VV116 showed good safety, tolerability and pharmacokinetics in healthy subjects, and the three phase I clinical study results have been published online in Acta Pharmacologica Sinica, a renowned journal in the pharmaceutical field. Currently, VV116 is under the stage of international multi-center phase III clinical studies, and several clinical studies for patients with mild to moderate and moderate to severe COVID-19 are in progress. About Progress of The Clinical Study (Nct05341609): The NCT05341609 study is a multi-center, single-blind, randomized, controlled phase III clinical study to evaluate the efficacy and safety of VV116 versus nirmatrelvir tablet/ritonavir tablet (namely PAXLOVID) for early treatment of patients with mild to moderate COVID-19.
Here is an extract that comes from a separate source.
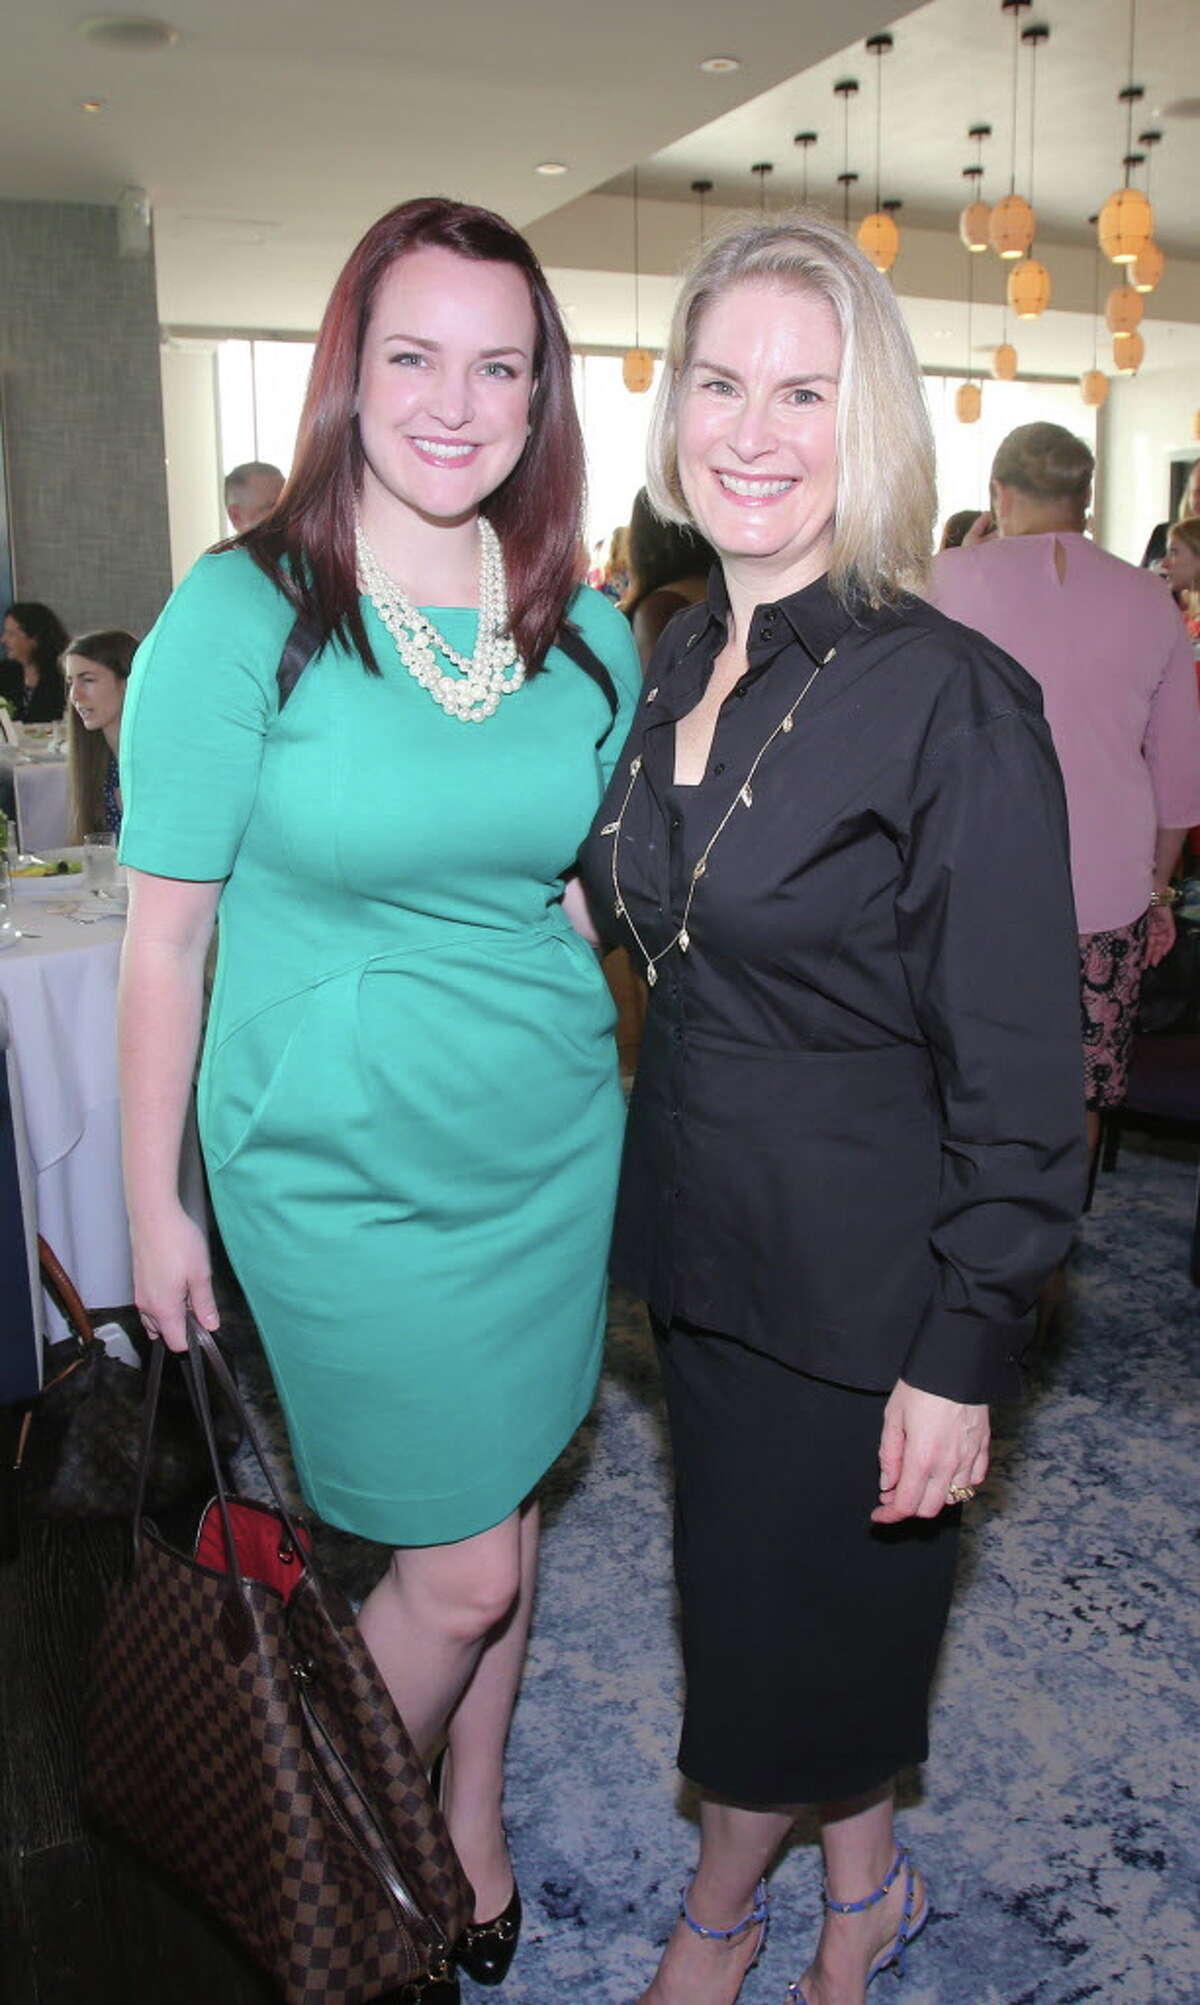 Katie Tipper-McWhorter and Amy Hertz at Ellevate Houston's executive breakfast.
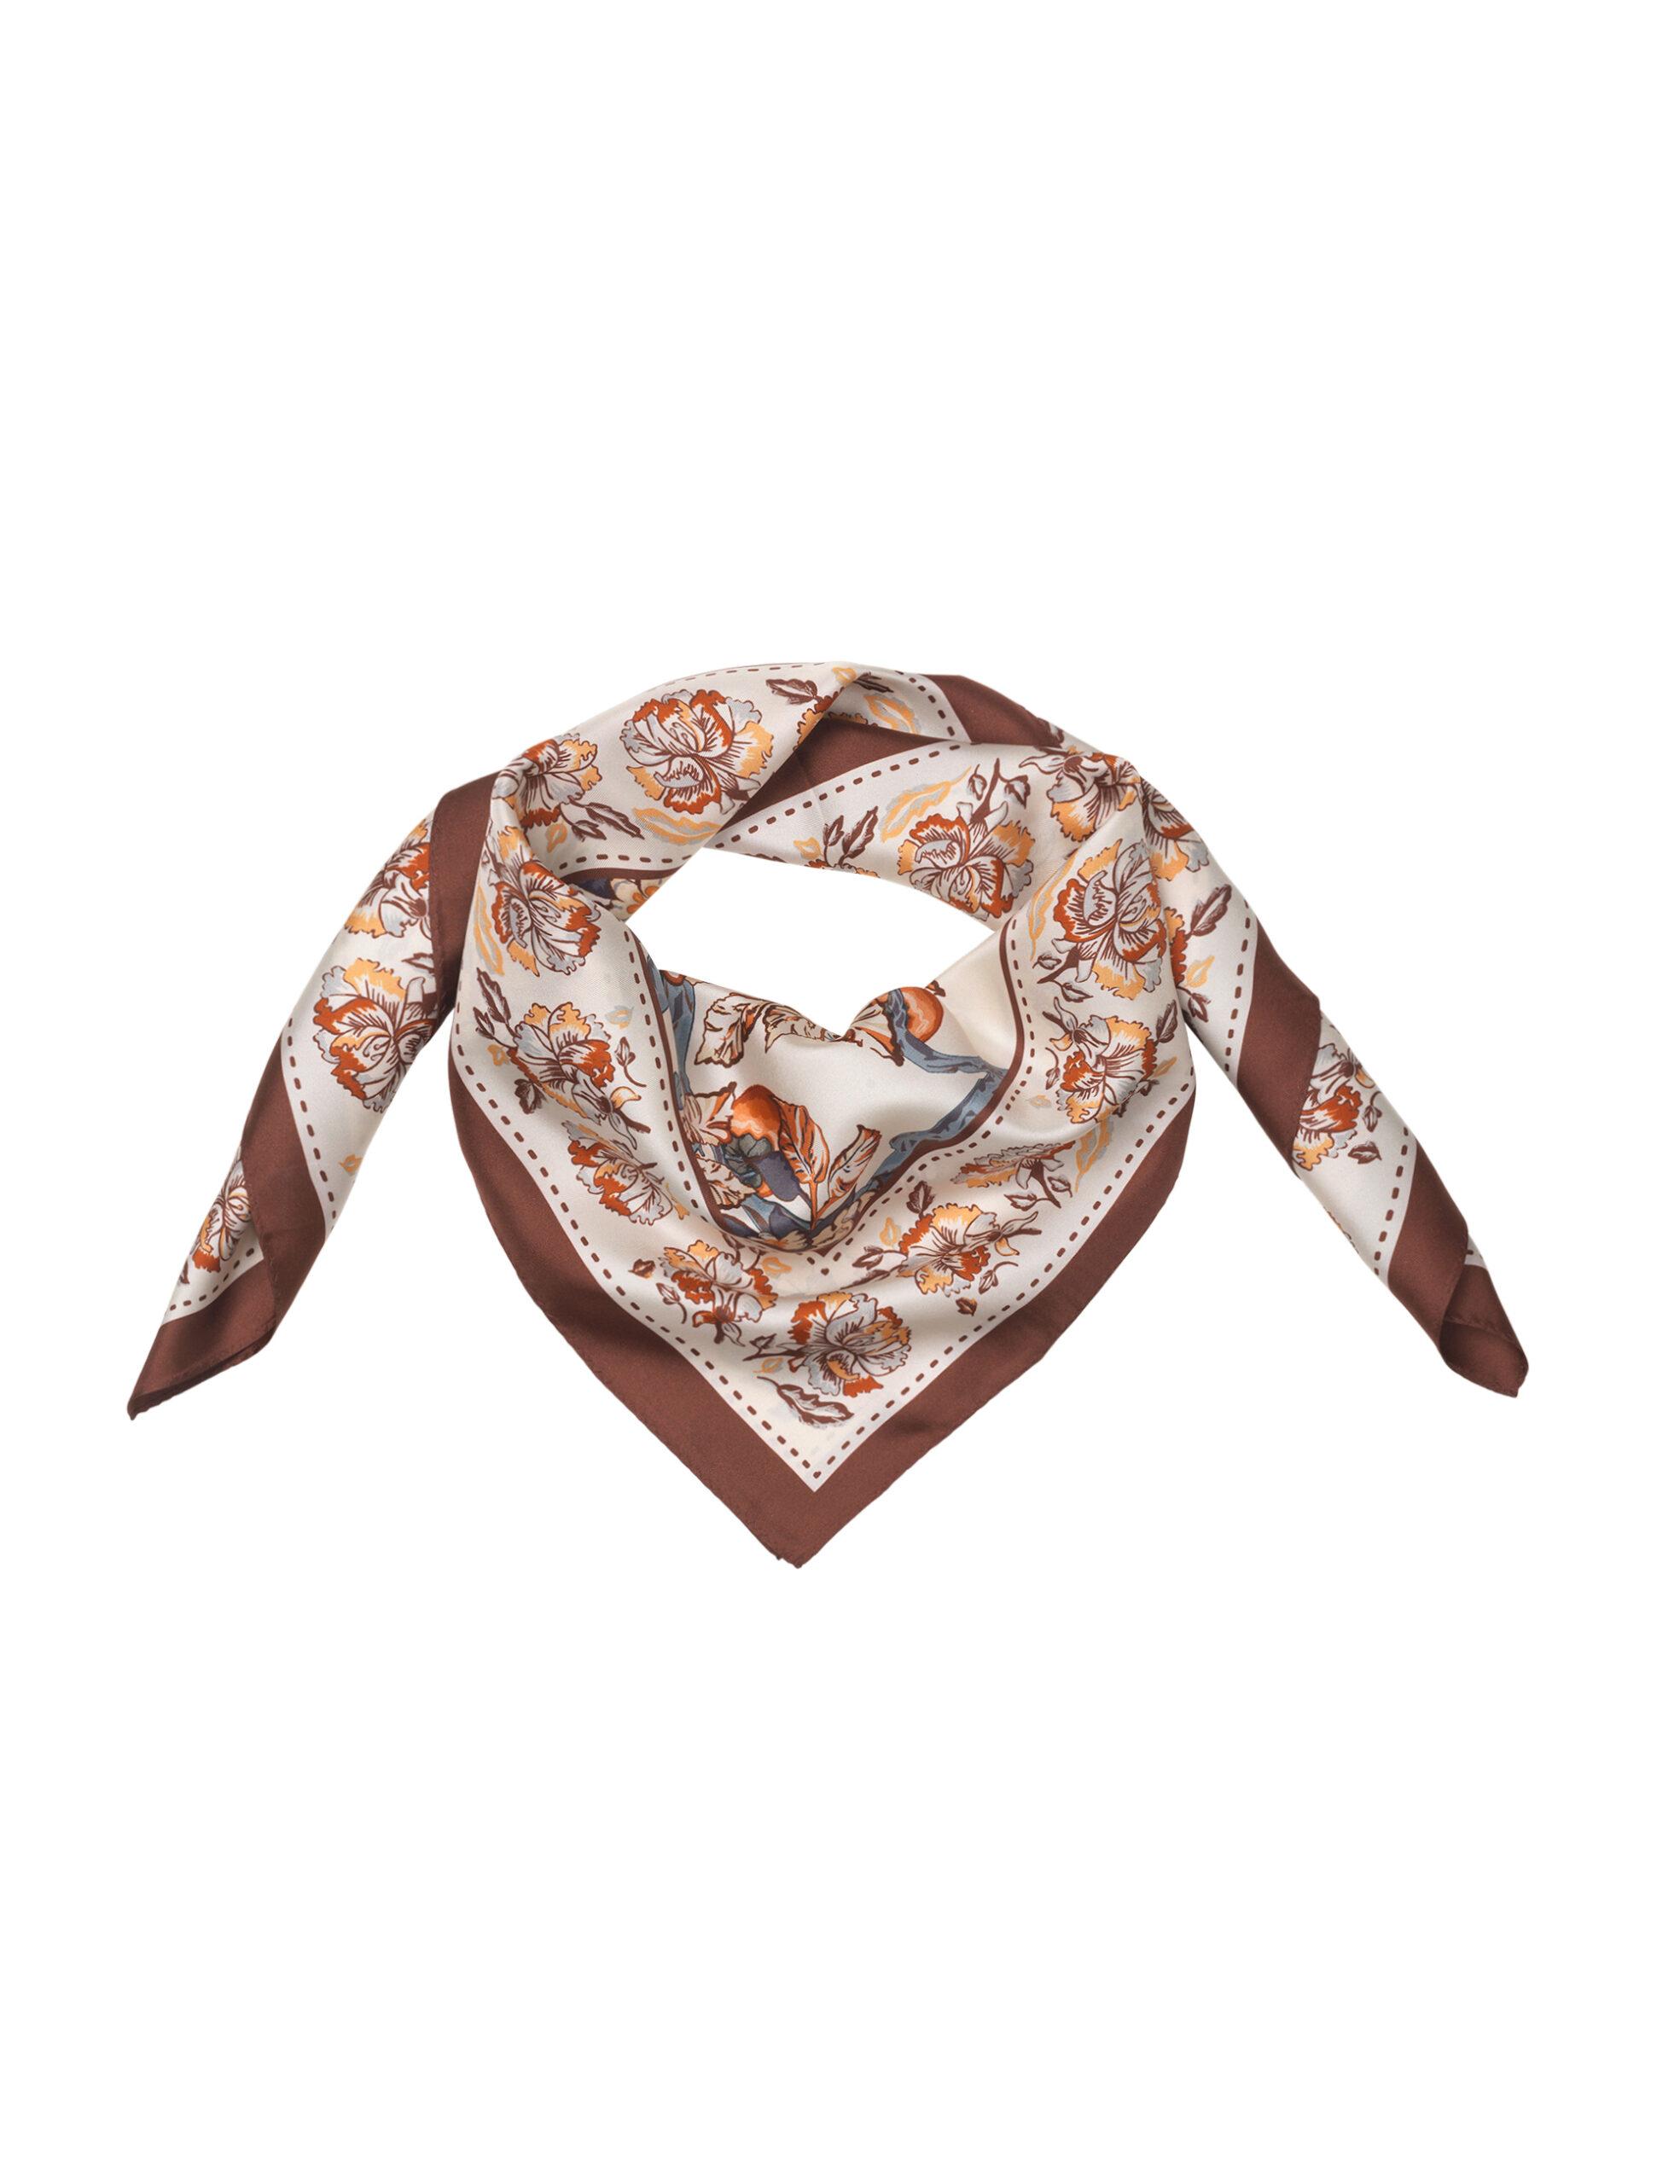 SILK SCARF – Rust flowers

The principal investigator of the study is academician Ning Guang of Ruijin Hospital affiliated to Shanghai Jiao Tong University School of Medicine, and 822 patients have been actually enrolled. Its primary endpoint is "time to sustained clinical recovery", and its secondary endpoints include, among other things, "percentage of participants who have progression of COVID-19 (defined as progression to severe and/or critical COVID-19 or death from any cause) by Day 28". The results of the clinical study showed that VV116 for the early treatment of mild to moderate COVID-19 reached the primary endpoint in the clinical study.

According to the laws and regulations in relation to drug registration of the PRC, the drug shall be subject to clinical research, and review and approval from the National Medical Products Administration before its production and marketing. The Company will communicate with the drug regulatory authority in respect of the submission of NDA in the near future.